Combines the feature selection of Sequential NARD with the computational efficiency of Surrogate NARD: - Evaluates whether features should be included in the model using the Sequential approach. - Once included, updates matrices using the Surrogate approach. - Further reduces complexity to \(\mathcal{O}(m^3 + p^2)\).

Key Experimental Results

Synthetic Data (\(d=5000, m=1500, N=1500\))

Method TPR FPR Total Time (s)
MRCE 0.9083 0.0072 53
CAPME 0.8972 0.0124 52
HS-GHS 0.9463 0.0033 >3000
JRNS 0.9485 0.0037 >3000
NARD 0.9483 0.0062 49
Sequential NARD 0.9459 0.0067 35
Surrogate NARD 0.9462 0.0072 31
Hybrid NARD 0.9471 0.0068 23

Scalability (\(N=20000, m=2000\), per-step time in seconds)

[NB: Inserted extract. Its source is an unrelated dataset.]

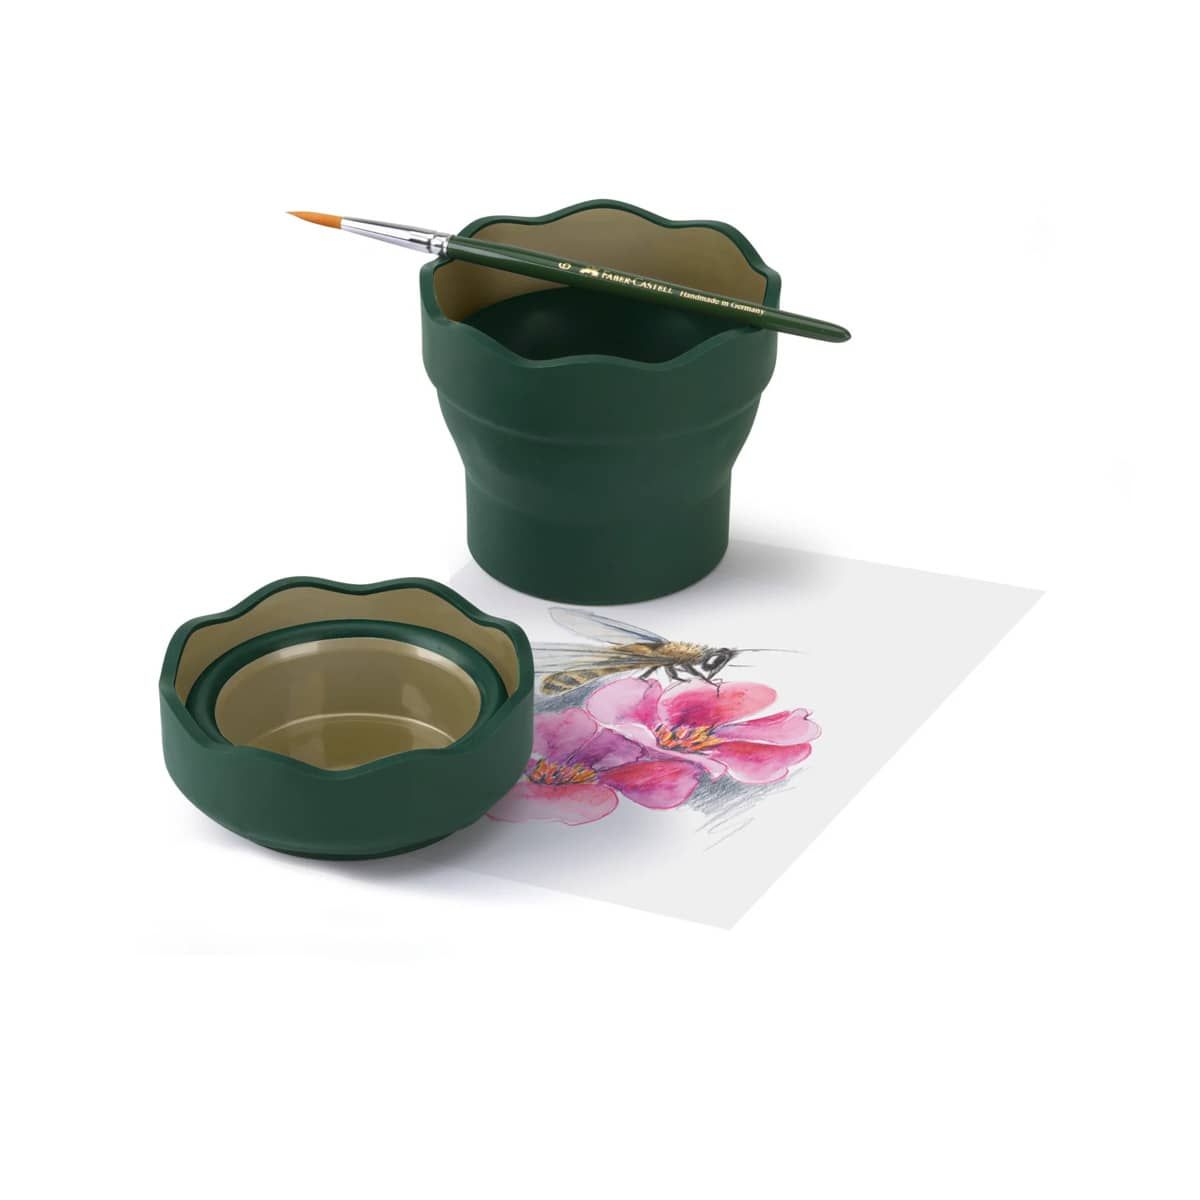 Collapsible water cup holds 12 oz of water and has scalloped edges that will hold your paint brush and prevent it from rolling off the cup between uses!

\(d\) MRCE NARD Surrogate NARD
5000 12.2 10.7 3.7
10000 33.4 30.8 8.9
20000 201.9 168.6 33.7
30000 421.3 376.7 64.7

Aging Phenotype Data

  • 1,022 healthy individuals, 5,641 phenotypes (1,522 macro + 4,119 molecular phenotypes).
  • The Jaccard index between various NARD variants and baseline methods is >98.5%, indicating highly consistent feature selection.
  • NARD takes about 24 minutes, while Sequential NARD takes about 14 minutes.

TCGA Cancer Data

  • 7 tumor types, 10 key signaling pathways.
  • NARD successfully identifies the GSK3-AKT regulatory relationship in the PI3K/AKT pathway within COAD, which aligns with known biological knowledge.

Highlights & Insights

  • Unified Framework: Seamlessly integrates ARD feature selection with Graphical Lasso precision matrix estimation, solving both problems within a single framework.
  • Theoretical Elegance: All three acceleration schemes are supported by rigorous mathematical derivations (proofs of surrogate lower bounds, complexity analysis).
  • High Practicality: Hybrid NARD achieves about 2× speedup at \(d=5000\) and about 6× speedup at \(d=30000\), with almost no loss in accuracy.
  • Biological Interpretability: Protein interaction networks discovered on TCGA data align with known biological pathways.
  • Can be naturally extended to non-linear scenarios through kernel methods.

Limitations & Future Work

  • The core assumption of the model is a linear relationship; although kernel expansion is mentioned, it is not verified with in-depth experiments.
  • The selection of \(\lambda\) in Graphical Lasso relies on 5-fold cross-validation, and this computational cost is not included in the total time comparison.
  • Fails to compare against recent deep feature selection methods (e.g., gating networks, attention mechanisms).
  • Theoretical analysis lacks rigorous bounds for the convergence rate.
  • The code is not publicly available, posing obstacles to reproducibility.
  • MRCE (Rothman et al., 2010): Jointly penalizes \(W\) and \(\Omega\) with \(\ell_1\) norm, representing a classic frequentist approach.
  • HS-GHS (Li et al., 2021): Horseshoe + Graphical Horseshoe prior, which offers high accuracy but is extremely slow.
  • Tipping's Fast ARD (Tipping & Faul, 2003): The inspiration behind the Sequential update.
  • Valuable reference for research in high-dimensional multi-output sparse learning, Bayesian feature selection, and biological network inference.

Rating

  • Novelty: ⭐⭐⭐⭐ — The extension of ARD to multi-output scenarios is natural and meaningful, and the three acceleration schemes are elegantly designed.
  • Experimental Thoroughness: ⭐⭐⭐⭐ — Validated across multiple scenarios including synthetic, aging phenotype, and TCGA datasets, though lacks comparison with deep learning methods.
  • Writing Quality: ⭐⭐⭐⭐ — Mathematical derivations are clear and rigorous, and the algorithm pseudocode is complete.
  • Value: ⭐⭐⭐⭐ — Possesses solid practical application value in the field of high-dimensional biostatistics; the lack of open-source code is a minor drawback.